The business man turned back around in his seat and didn't say a word for the remainder of the trip.

How do you think the business man felt after finding out such news? Do you believe he had changed his way of thinking toward the father and his three motherless children?

My question is what will it take for the System of Education to experience a swift and dramatic change in thinking in order to prepare students for this Century?

After I read Will Richardson's, Meet the New Story, Same as the Old Story I let out a big sigh, and then thought of my own children. Will goes on to say:

"...is it any wonder that we've stopped dreaming of what can be? Of all the teachers I've had the privilege of speaking and working with in the last few years, I doubt that many of them can even now really dream of a different way, one that celebrates learning and connections and independence in the ways that many of those networked classrooms we see.

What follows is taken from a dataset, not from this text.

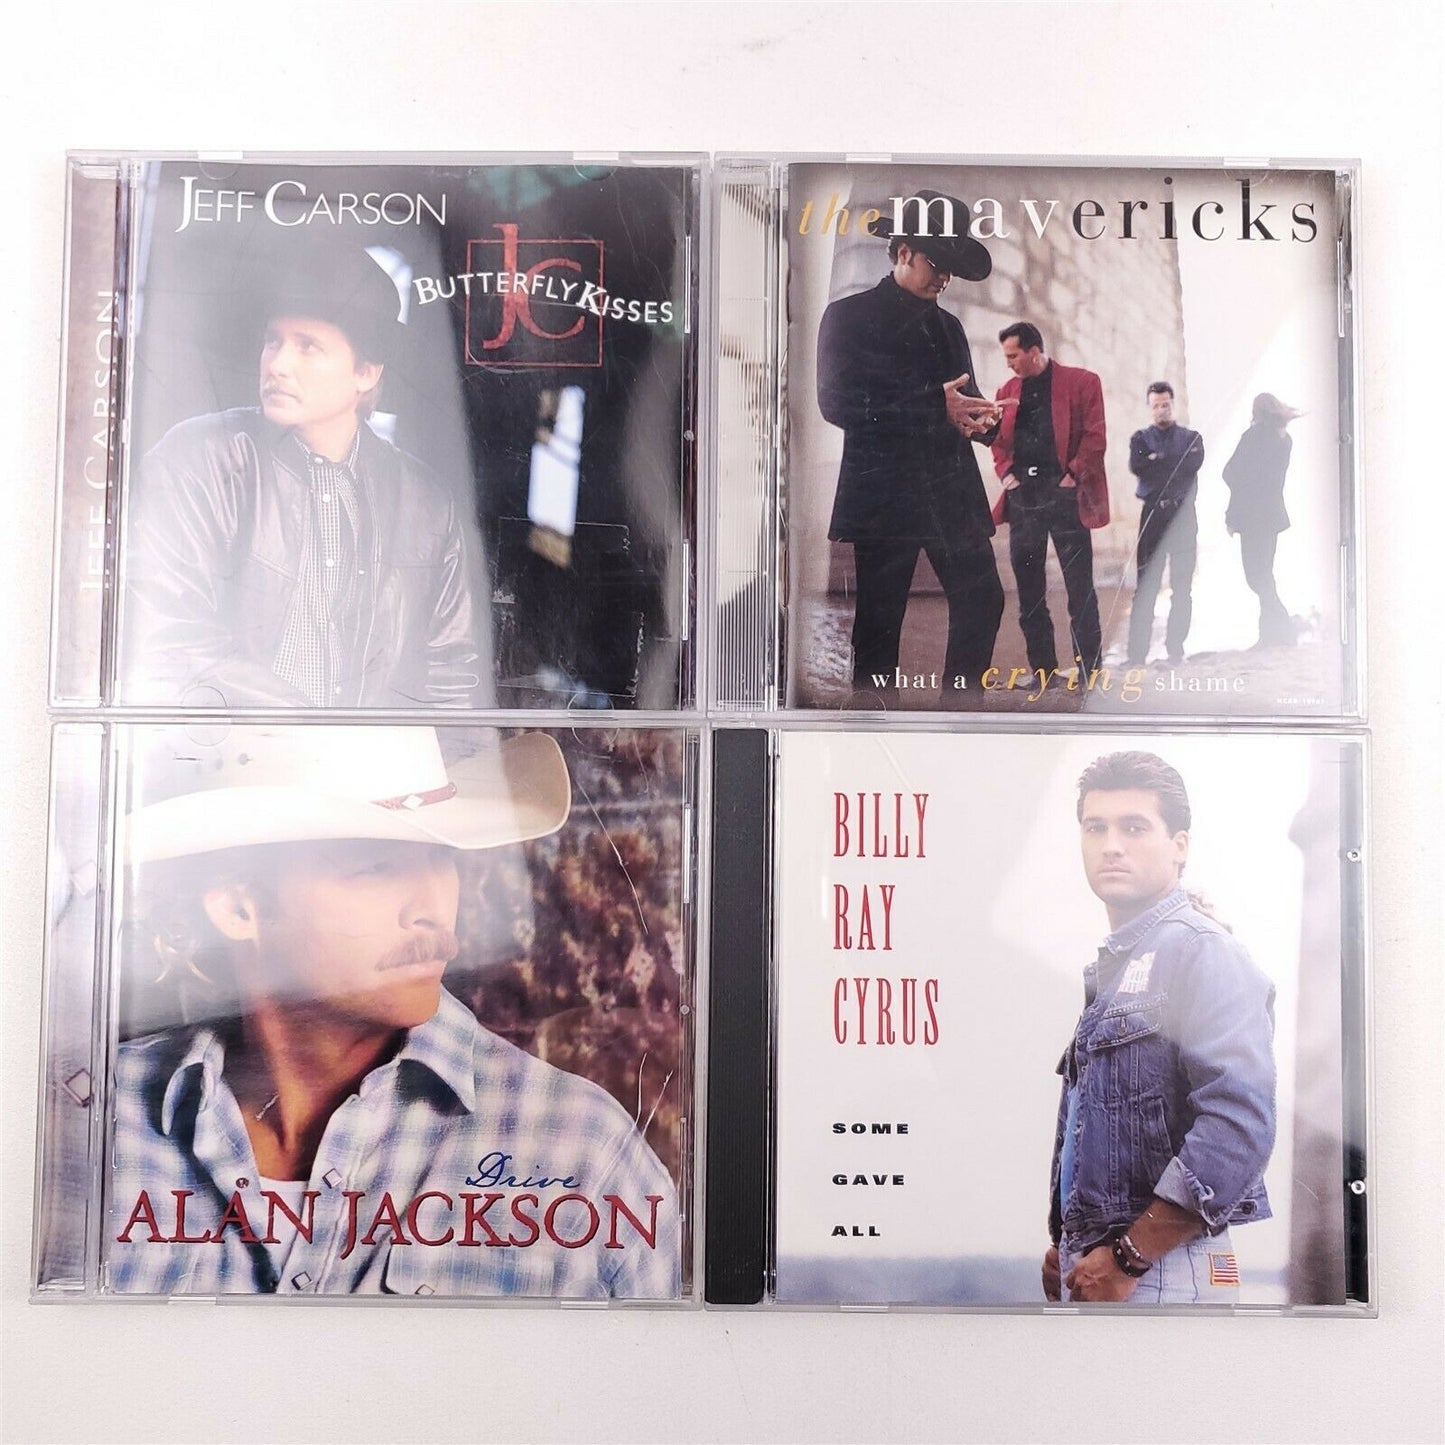 8 Country Artist CD's - Alan Jackson, George Jones, Kenny Rogers, Travis Tritt

They might be able to visualize it, but I don't think many see it as a potential reality in their classrooms, in their schools. There are too many reasons why it can't happen. Too many obstacles. Too little vision. (I would be happy to be proven wrong, btw.)"

Then Richardson goes on to quote Ira Socol:

"It is time to stop hiding and start dreaming. It is time to reject what we are doing now: hell, that's easy, we know it does not work. And it is time to reject all the "tinkering around the edges" which wastes our energy and accomplishes nothing. We have to say no to everything that is not sufficiently transformative, which does not change what education is, and put all of our energies into ideas which will transform."

I think one major obstacle that we all face is an ingrained way of thinking, and collectively we will need to experience a paradigm shift, like the business man and the motherless children, if real change will occur. There are far too many people comfortable with the status quo, far too many people that don't completely understand the magnitude of our time (myself included), and I am guessing that until the pressure on the outside becomes greater than the resistance on the inside this shift in thinking will not occur on the massive scale that is needed. Hence the grassroots movement that we are seeing within the edublogsphere and the rally call that Richardson puts out there:

"So, we'll have to continue changing one parent at a time, one teacher at a time, one classroom at a time, one school at a time, connecting the good works and finding a wider and wider audience for the conversation. And we have to continue to create that compelling new reality of what's possible, post by post, tweet by tweet. And, we have to continue to dream it."

I respect this call to duty and accept the challenge but it sounds more like Slow Dancing in a Burning Room.